- **Input material**:
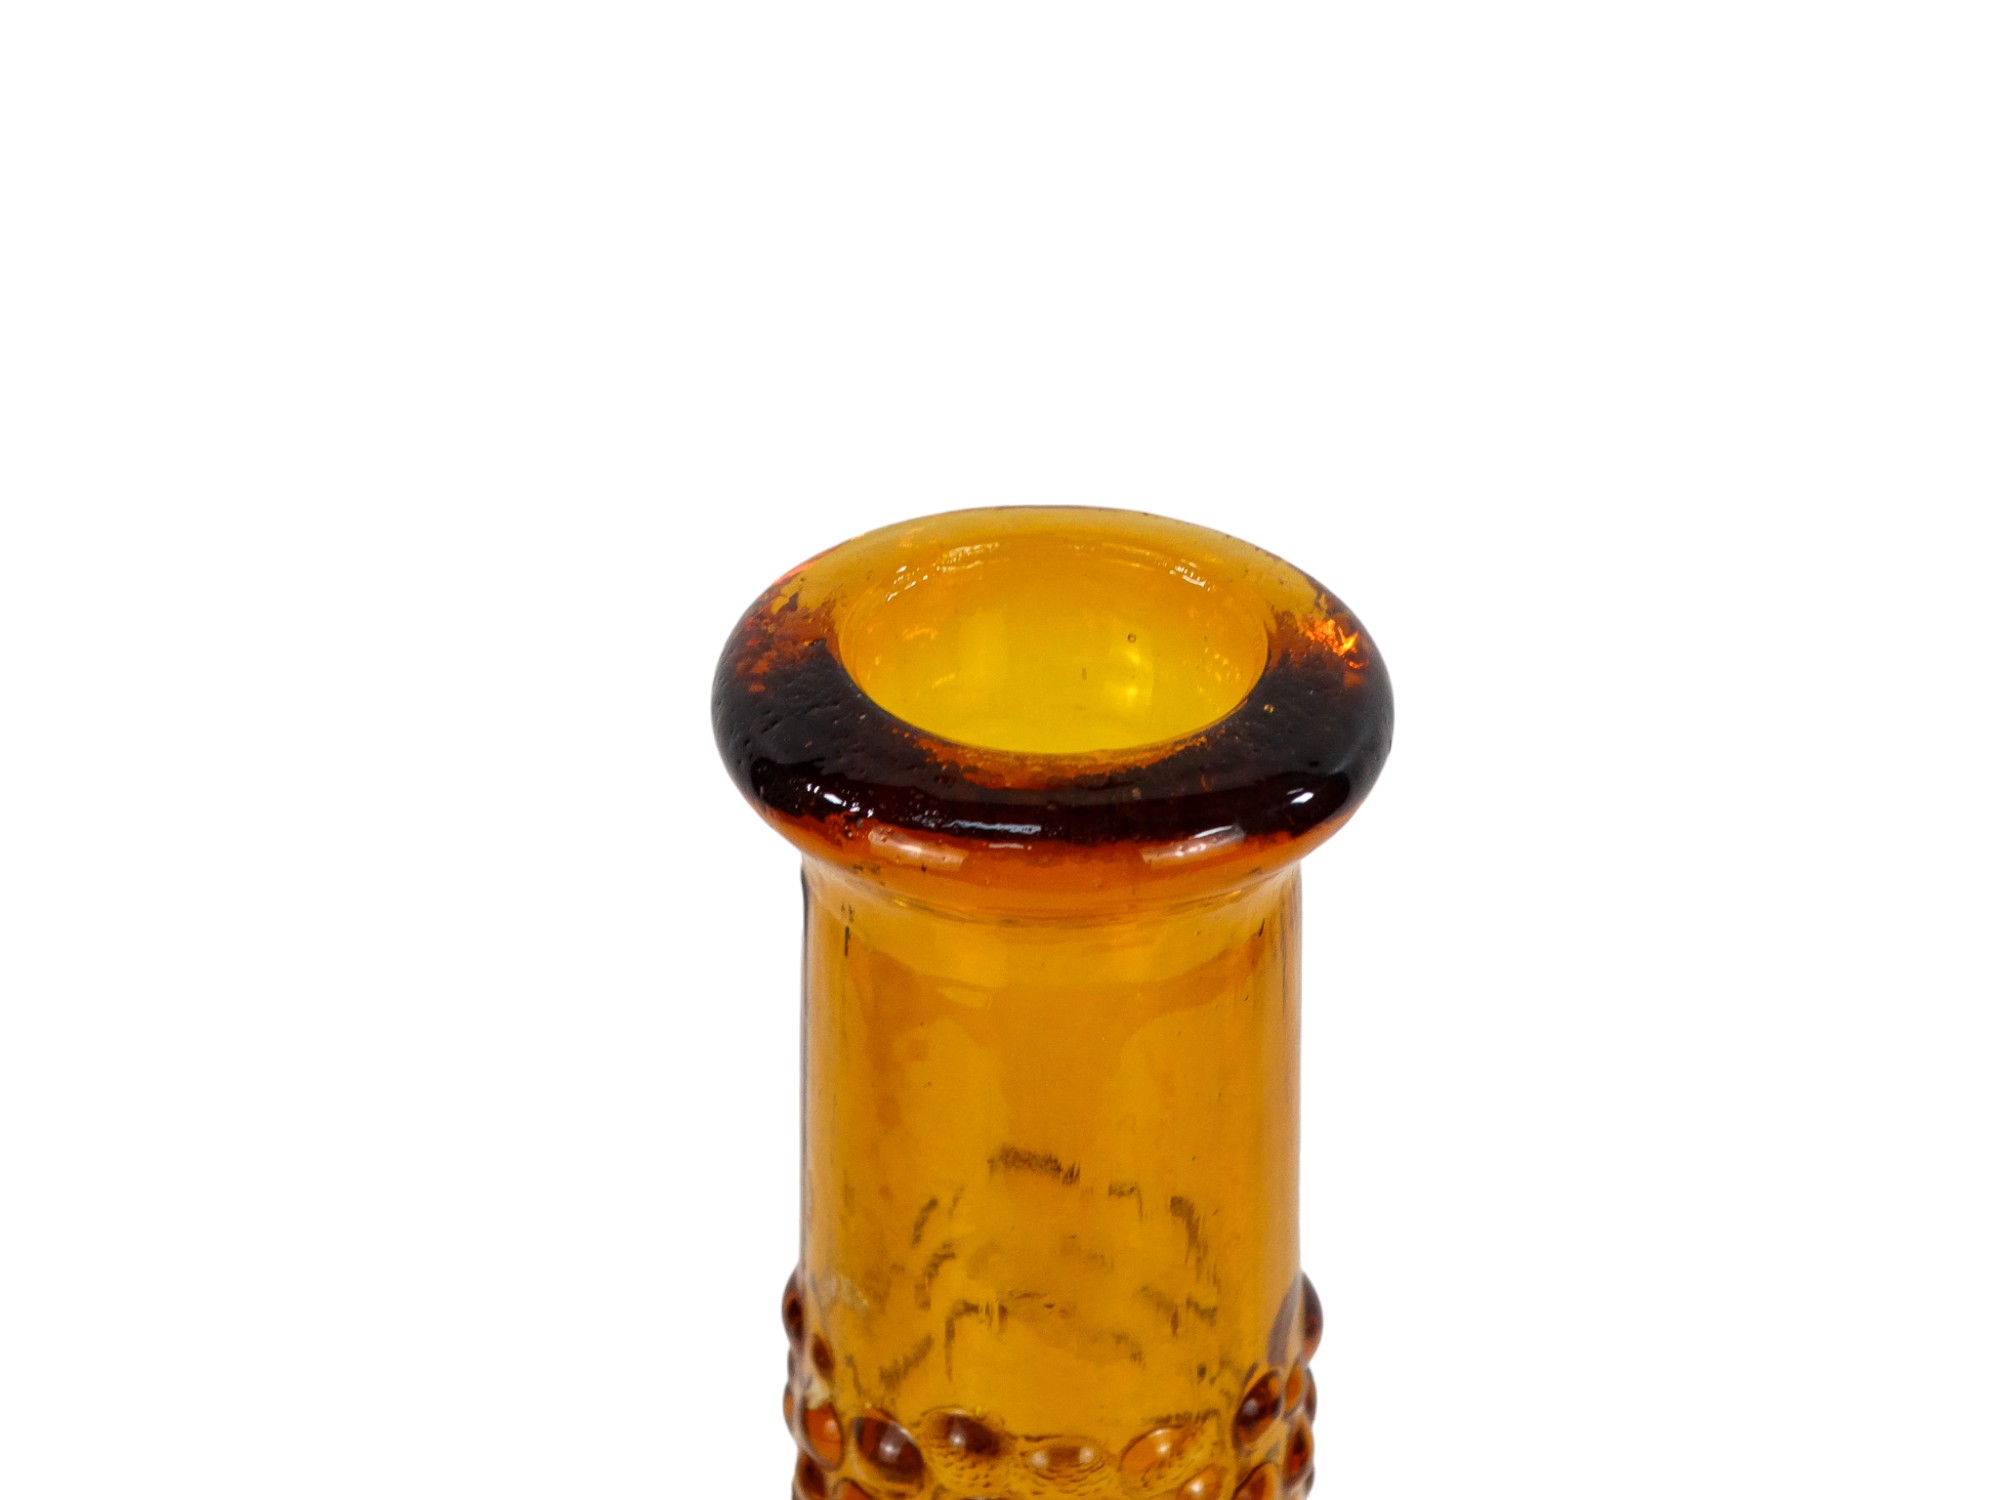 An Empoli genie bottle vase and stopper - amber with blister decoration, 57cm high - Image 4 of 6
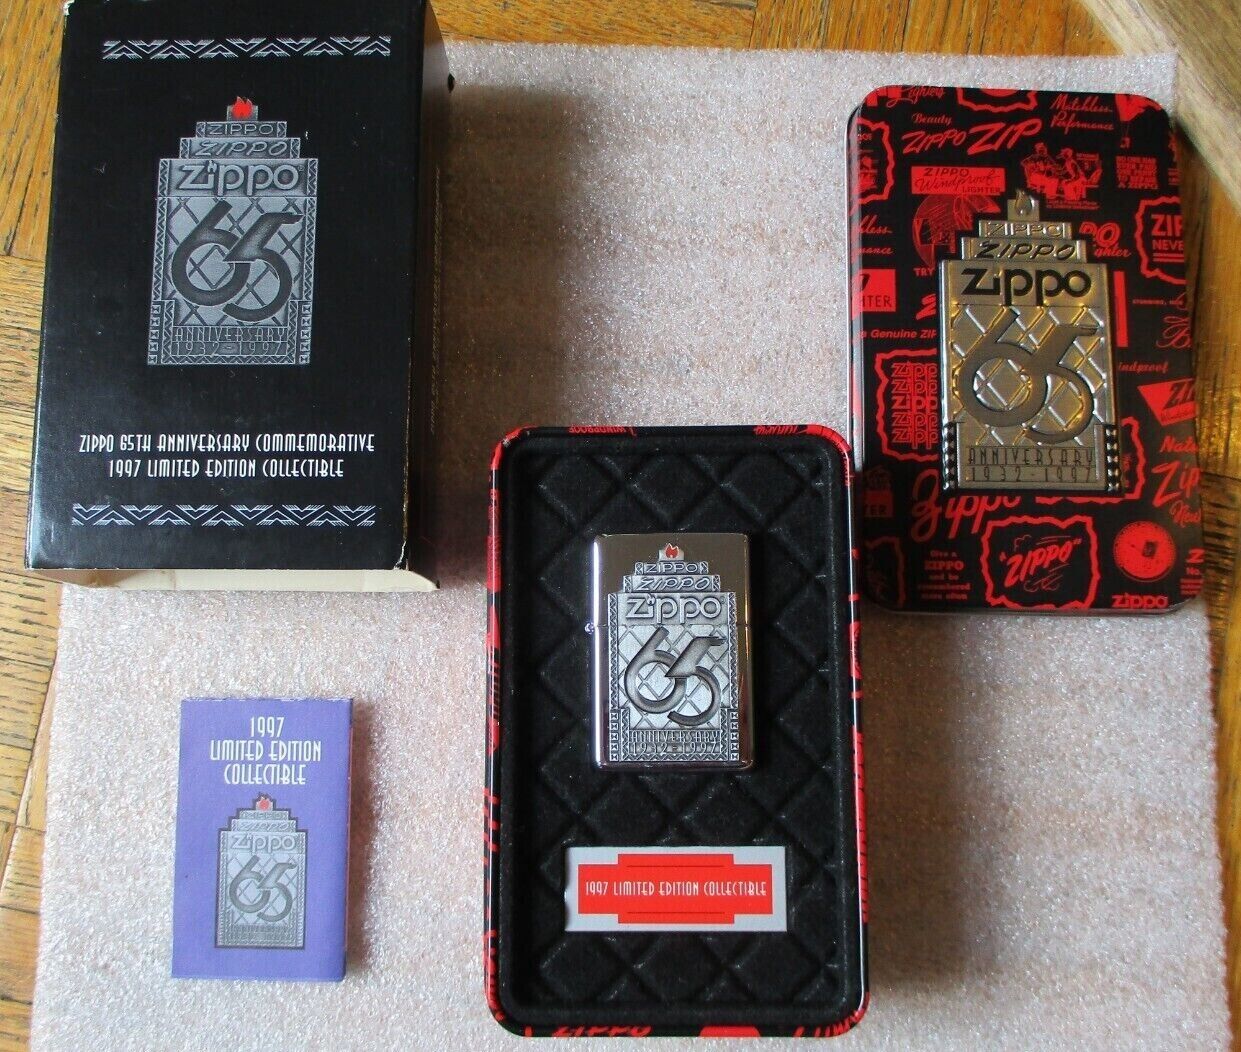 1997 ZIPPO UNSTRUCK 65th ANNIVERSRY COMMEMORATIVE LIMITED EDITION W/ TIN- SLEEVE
...
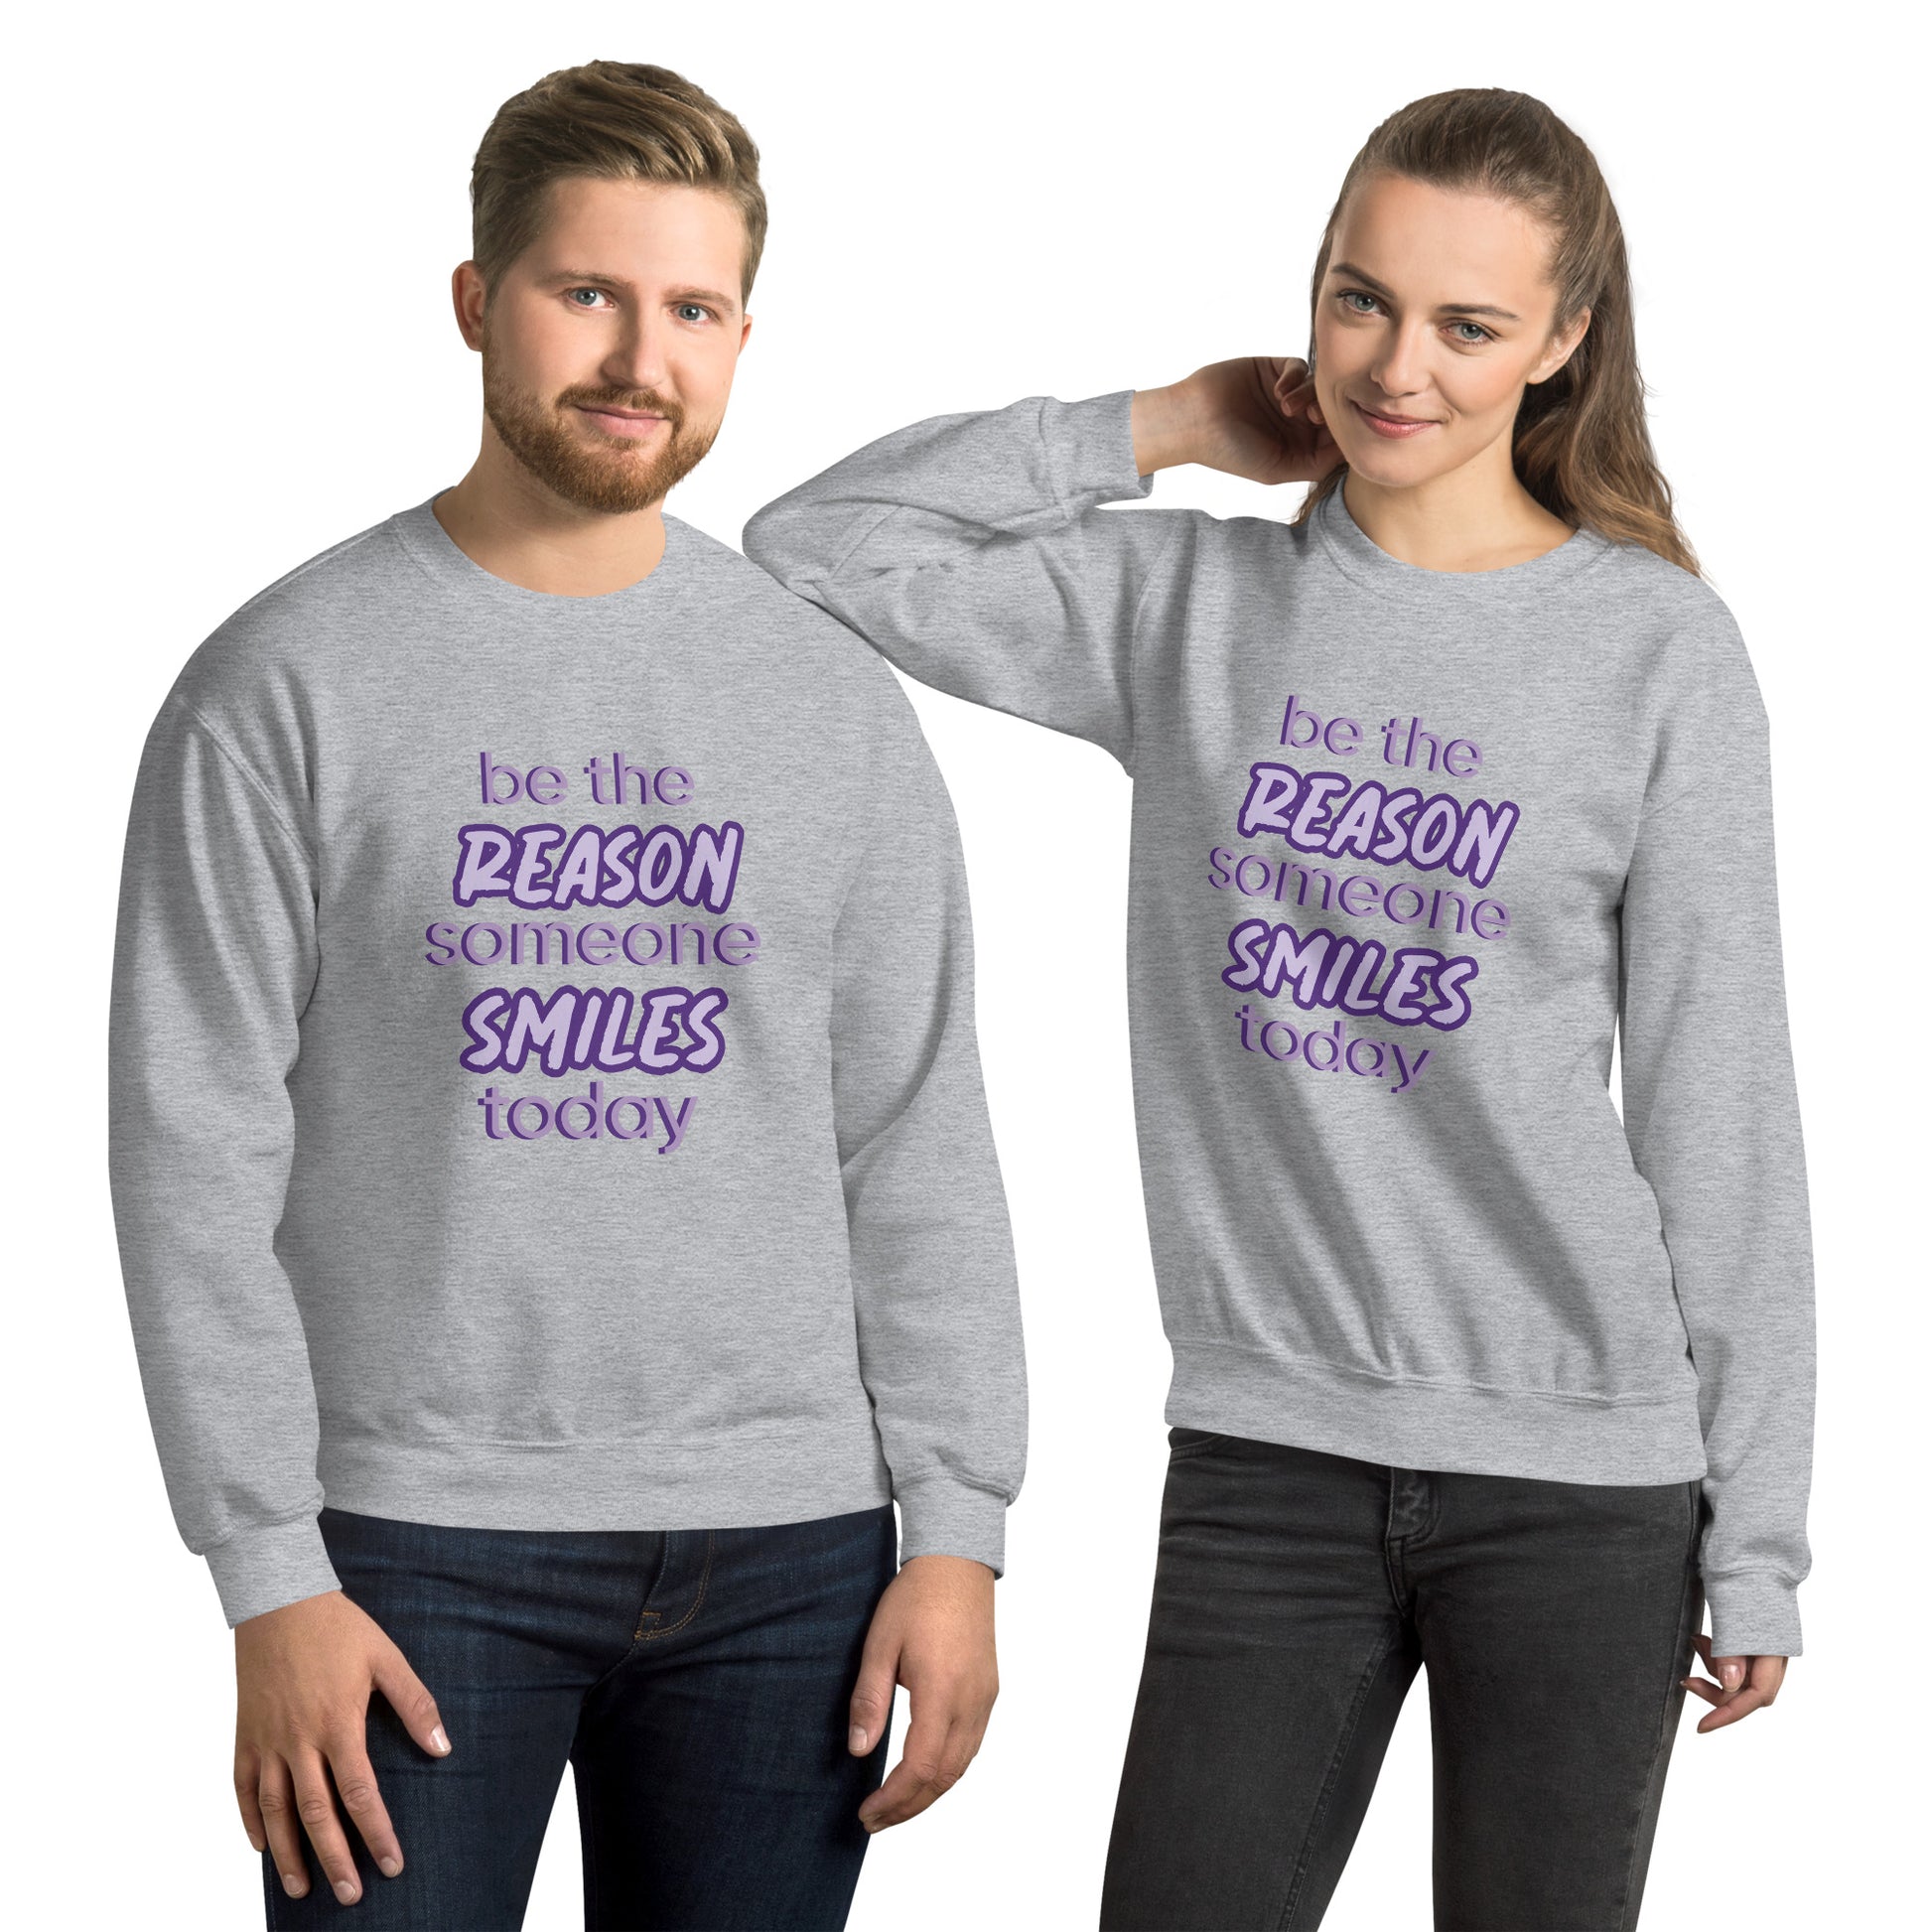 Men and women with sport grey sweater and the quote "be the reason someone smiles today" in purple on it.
--
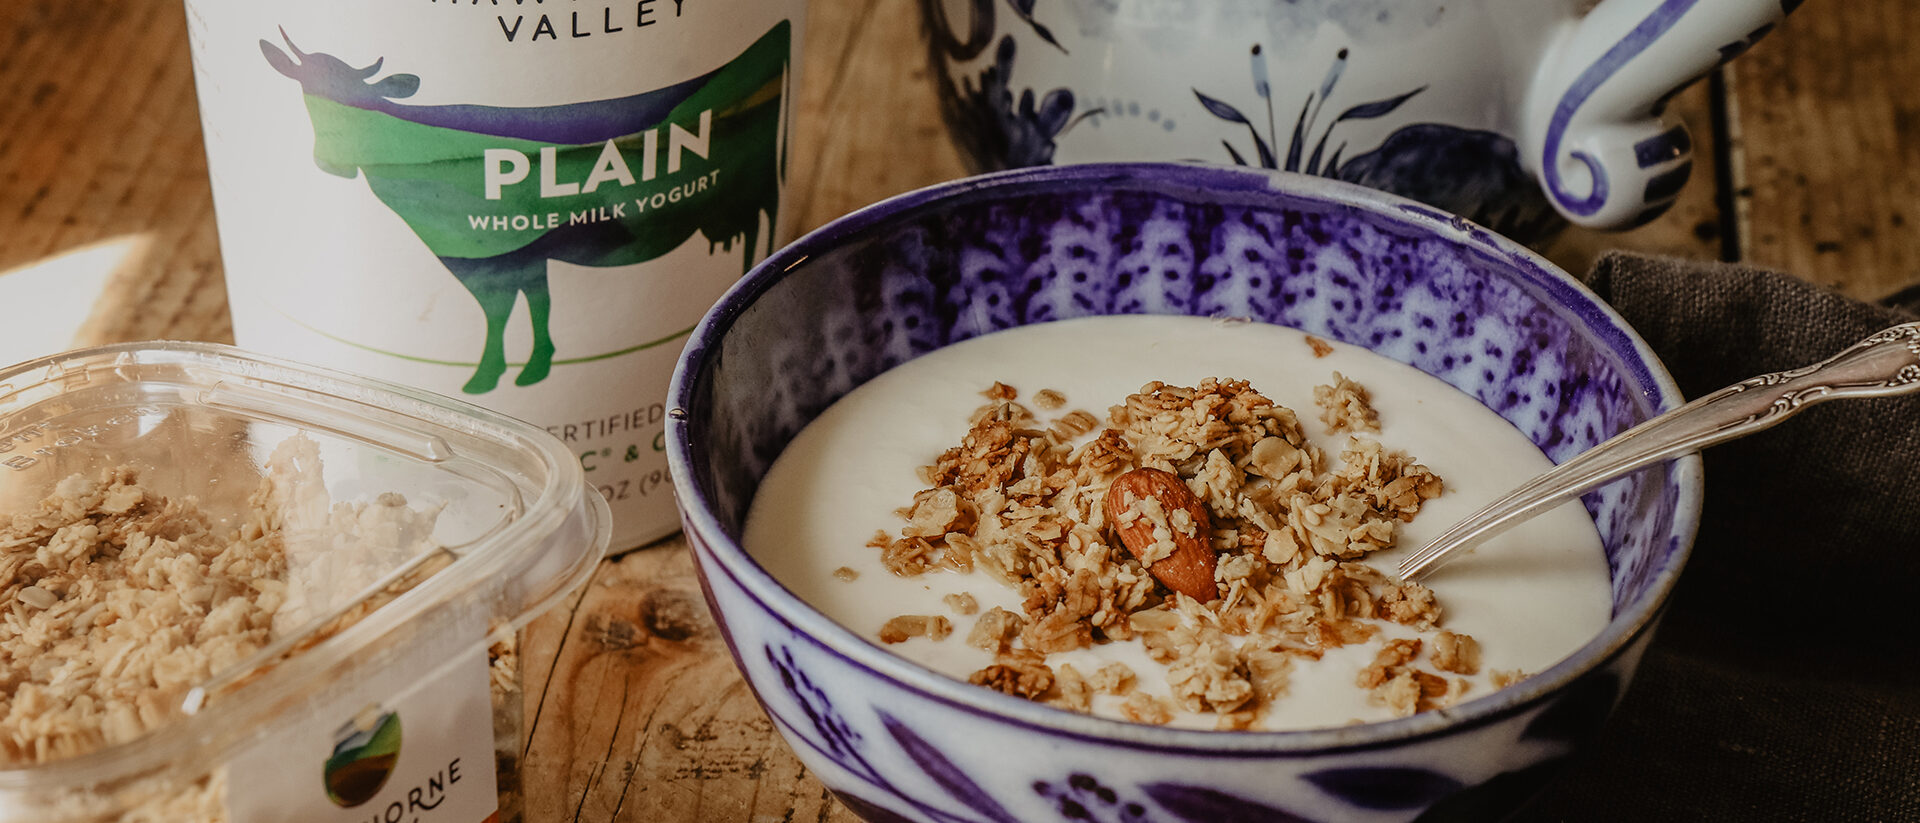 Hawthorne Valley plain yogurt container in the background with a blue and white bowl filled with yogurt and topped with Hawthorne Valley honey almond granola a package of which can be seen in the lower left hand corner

- **Problem to solve**:
Now transcribe the lines above exactly, starting at the line containing "An Empoli genie" and ending at the line containing "1997 ZIPPO UNSTRUCK", both lines included, pictures excluded.

- **Your solution**:
 An Empoli genie bottle vase and stopper - amber with blister decoration, 57cm high - Image 4 of 6
 1997 ZIPPO UNSTRUCK 65th ANNIVERSRY COMMEMORATIVE LIMITED EDITION W/ TIN- SLEEVE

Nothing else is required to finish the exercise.